Dr. Amy Killen: Yeah, absolutely. It's a fairly common cause in younger people, of course, older men as well. But I have several younger patients who come in their thirties and they're pretty healthy otherwise, but that they smoke and they've noticed ED from that. And if we can get them off smoking, it's great because obviously you're going to have improvements in the ED, but then you also have cut your risk for heart disease and lung cancer and Alzheimer's and strokes, and all the other things that smoking was known to do.

Andrea Wien: Do you the same concern about vaping.

Dr. Amy Killen: I don't know as much about vaping, certainly nicotine in itself is not necessarily a bad thing. Sometimes in small doses, it can be helpful. And again, that has been shown to have some nootropic tendencies. But I worry about vaping just from a health standpoint from some of the other things that are going on with vaping in lung... this weird lung disease that's out there that's happening with vaping that are killing a lot of people. This is a big problem in Utah right now, but I don't know that it's been studied specifically for ED, but I think it's probably something to be concerned about just because it doesn't seem like it's necessarily super helpful just for general health.

Andrea Wien: I think just in terms of raising inflammation in the body is something we always want to stay away from and anything that could potentially do that, which vaping would certainly fall into. We've talked at length on the show about the gut-brain axis and how neurotransmitters like serotonin are really produced mainly in the gut. But I think people are probably less familiar about the sex hormones and how things like estrogen, testosterone, progesterone are all impacted when we have an inflamed gut. Can you talk about that connection?

Dr. Amy Killen: Yeah, absolutely. So that's definitely a gut hormone connection as well. It's just like a gut everything connection. I feel like the gut it's at the center of so many things. With testosterone, for instance, there's actually a pretty good study that was based on the GELDING theory where basically it looked at obesity and low testosterone. So we know that obesity is a risk factor for hypogonadism or low testosterone production in men. And in this study they basically said what is the reason for that? And one thing that they found is that obesity, of course, is in a lot of people associated with inflammation and this inflammation is going to cause an increased gut permeability. So you get endotoxin migrating into the body from the gut where it's not suppose to be there.

                        And that endotoxin actually directly affects testosterone production. So it goes into the testes, it decreases production of testosterone in the testes. And then it also affects the pituitary gland and a number of the hypothalamus and pituitary hormones, including luteinizing hormone and FSH, which are responsible for fertility. So they found that there was a direct link between this endotoxin creation or migration and low testosterone because of different mechanisms. And that things like probiotics and healthy diets and changes in food consumption can change that dramatically and increase testosterone levels just by that single mechanism, which I think is pretty cool.

Andrea Wien: Yeah. And I think we talked a little bit about probiotics on here and how so many of them are transitory. Are you finding that maybe like spore based probiotics are more effective for that conversion, or is it really just any probiotic that could be right? Are there certain strains, I guess I should say that are better for this?
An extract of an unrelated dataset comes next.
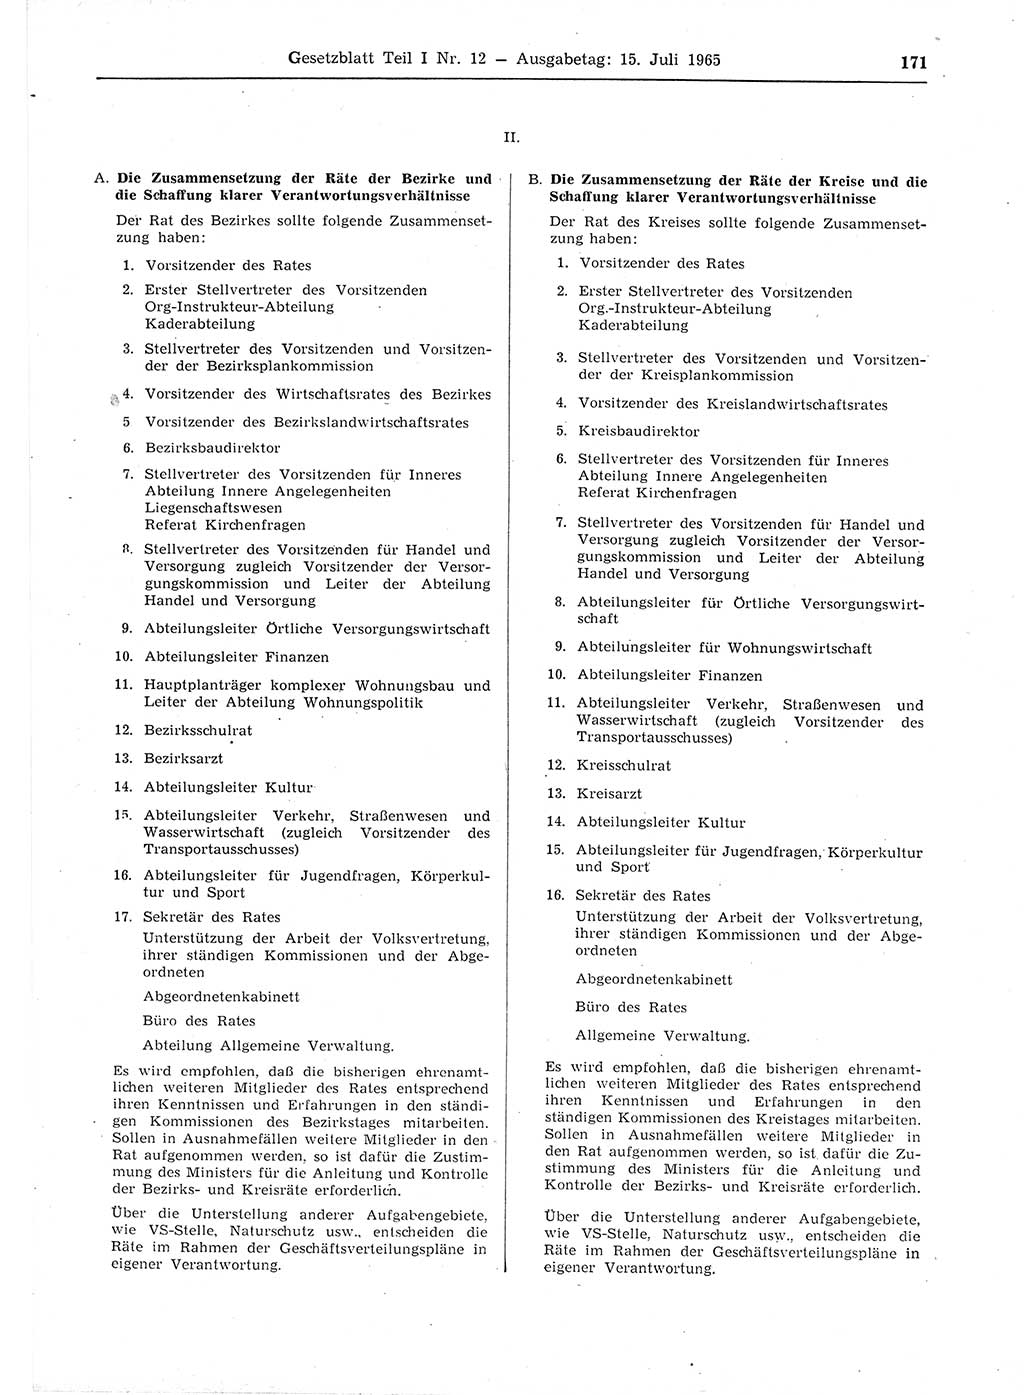 Gesetzblatt (GBl.) der Deutschen Demokratischen Republik (DDR) Teil Ⅰ 1965, Seite 171 (GBl. DDR Ⅰ 1965, S. 171)

Dr. Amy Killen: Yeah. I tend to use the spore based private probiotics in these patients. I also work very strongly with them on diet and obviously avoiding things like sugar, and inflammatory foods, and processed foods and GMO foods. And getting a lot of healthy vegetables is going to go a long way as well and also doing prebiotics can be helpful as well, but the testosterone piece is a big one. The estrogen piece is also very interesting as well. There's a collection of estrogen metabolizing bacteria that are in the gut as well. And depending on the number of those bacteria, you can either make more active forms of estrogen or less active forms of estrogen.

                        So some people, for instance, people who have like polycystic ovarian syndrome or things where maybe they have too much estrogen they may have more of these estrogen producers, these beta glucuronidase producing microbes in their gut versus others. Or some people may have less like the postmenopausal women they'd have oftentimes less of these estrogen producing microbes in their gut, which can contribute even more because they're also not making estrogen in their ovaries. So it's a very interesting little dance that these microbes are doing in terms of making estrogen and progesterone, or contributing to the way it's processed in our bodies.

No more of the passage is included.